ISSB standards contribute directly to the transition to a more sustainable economy. Both by encouraging companies to take concrete action, and by encouraging investors to finance economic players committed to this process.

They also raise awareness of the environmental and social challenges facing society as a whole.

ISSB and CSRD: differences and similarities

Despite some divergences, the standards issued by IFRS and EFRAG share a common objective and therefore tend to converge both in substance and form. Their main difference concerns materiality analysis.

Financial materiality VS double materiality

While both standards include a materiality analysis as a preamble to disclosure, the ISSB has chosen to focus solely on financial materiality or simple materiality. This involves estimating the impact that climate change will have on a company's activities, focusing on the financial consequences that this represents, in terms of risks and opportunities. This approach is regularly criticized, as it implies that economic players are only capable of acting in the light of potential financial constraints or opportunities.

In the CSRDEFRAG has chosen to ask companies to perform a double-materiality analysis. dual materiality. This involves taking the concept of financial materiality and adding impact materiality. This means that companies must not only estimate the financial consequences of climate change on their activities, but also assess the impact that their activities or their transition to a sustainable model will have on the various ESG indicators. This includes the environment in the broadest sense (greenhouse gas emissions, pollution, biodiversity, water resources, etc.) as well as social and societal dimensions (impact on suppliers, local communities, etc.).

Representation of the "double materiality" principle

How can ESRS and IFRS-S be interoperated?

While the definition of "materiality" differs from one reporting standard to another, the CSRD and ISSB retain many points of convergence.

To reduce the risk of double-reporting to which some companies could find themselves subject, EFRAG and the ISSB have worked together to ensure a high degree of interoperability between their two sets of standards.

IFRS-S1 thus shares many points in common with ESRS 1 and ESRS 2, corresponding to the general criteria of the CSRD.

IFRS-S2 should be viewed in parallel with ESRS E1, which is dedicated to climate change. Most of the datapoints requested in the ISSB are found in the CSRD reports.

To date, however, the ESRS E1 remains more comprehensive than its ISSB counterpart, particularly with regard to actions taken to combat global warming, as well as issues relating to energy consumption and the energy mix.

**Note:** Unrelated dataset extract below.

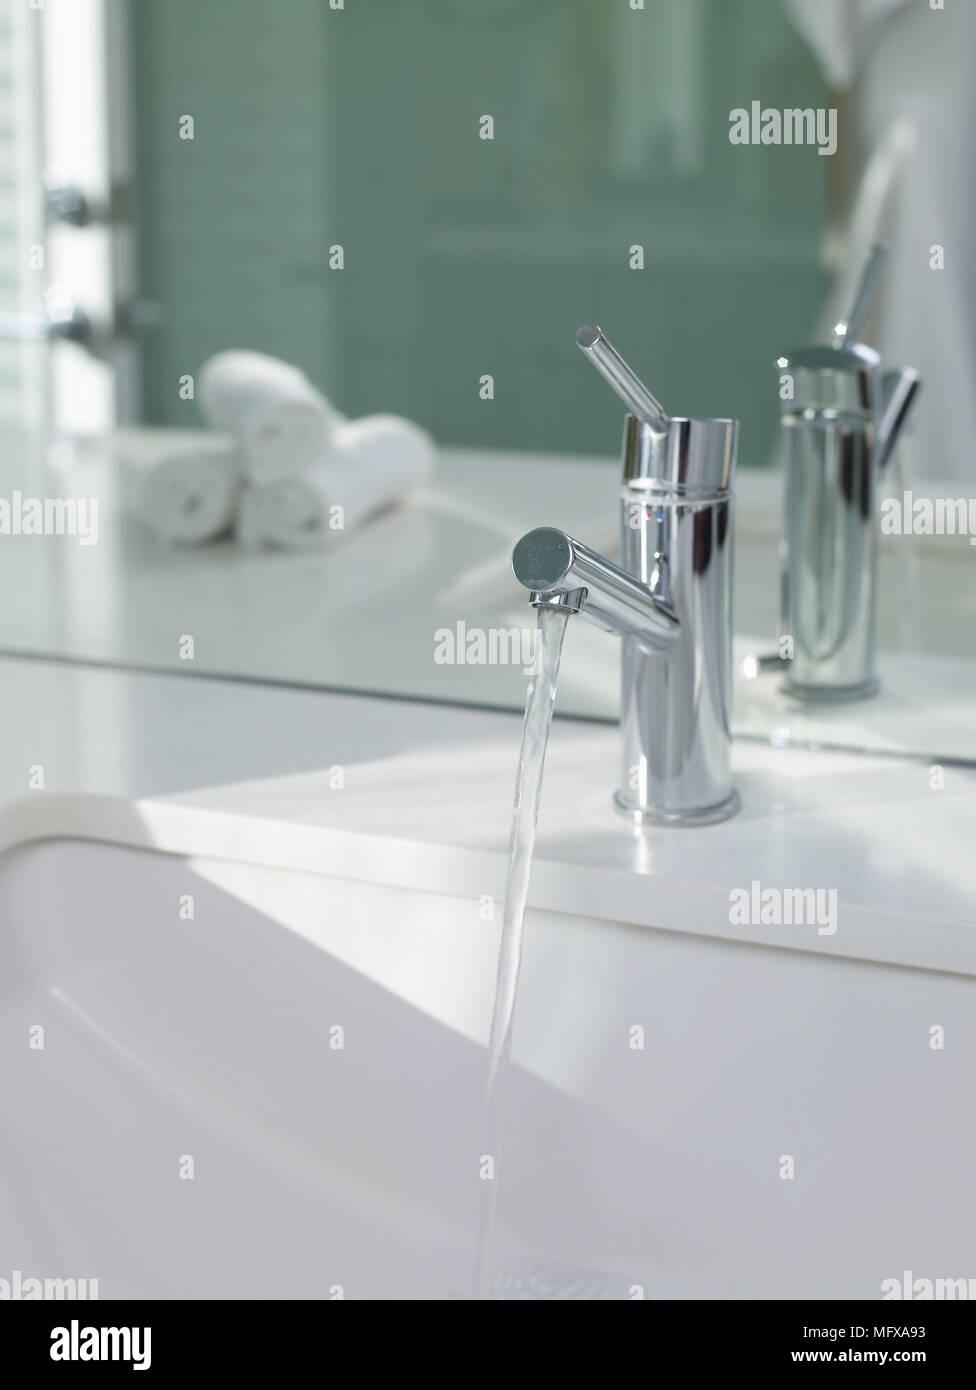 Colocacion Lavabo.Agua Corriente Del Grifo De Cromo Sobre Colocacion De Lavabo

Furthermore, unlike IFRS-S2, ESRS E1 does not consider carbon credits as a means of achieving greenhouse gas emission reduction targets.

In order to provide a clearer picture, EFRAG has published a cross-reference table between the two non-financial reporting standards, identifying the points of convergence between them.

Comparison of the scope of the main non-financial reporting standards

ISSB application worldwide

As the IFRS-S standards have only recently been published, they are still in the process of being rolled out in many countries.

However, these sustainability standards have already been adopted by many countries, including the UK, Brazil, Costa Rica, Sri Lanka, Nigeria and Turkey.

Other countries are currently holding consultations with a view to their adoption. These include Canada, Japan and Singapore.

Conclusion

The ISSB has rapidly established itself as a major player in the regulation of sustainability reporting. By setting itself the goal of harmonizing standards for the disclosure of extra-financial information by companies worldwide, it will enable companies to demonstrate transparency and take concrete action for the climate. These standards have the potential to transform financial markets and the global economy.

Currently focused on climate indicators, the IFRS Foundation has indicated that it is working on new standards which, like CSRD, could be applied to other ESG indicators.

It is now up to companies and investors to prepare for the adoption of these standards, which are likely to become the benchmark for extra-financial reporting in many countries, just as the CSRD is in the European Union.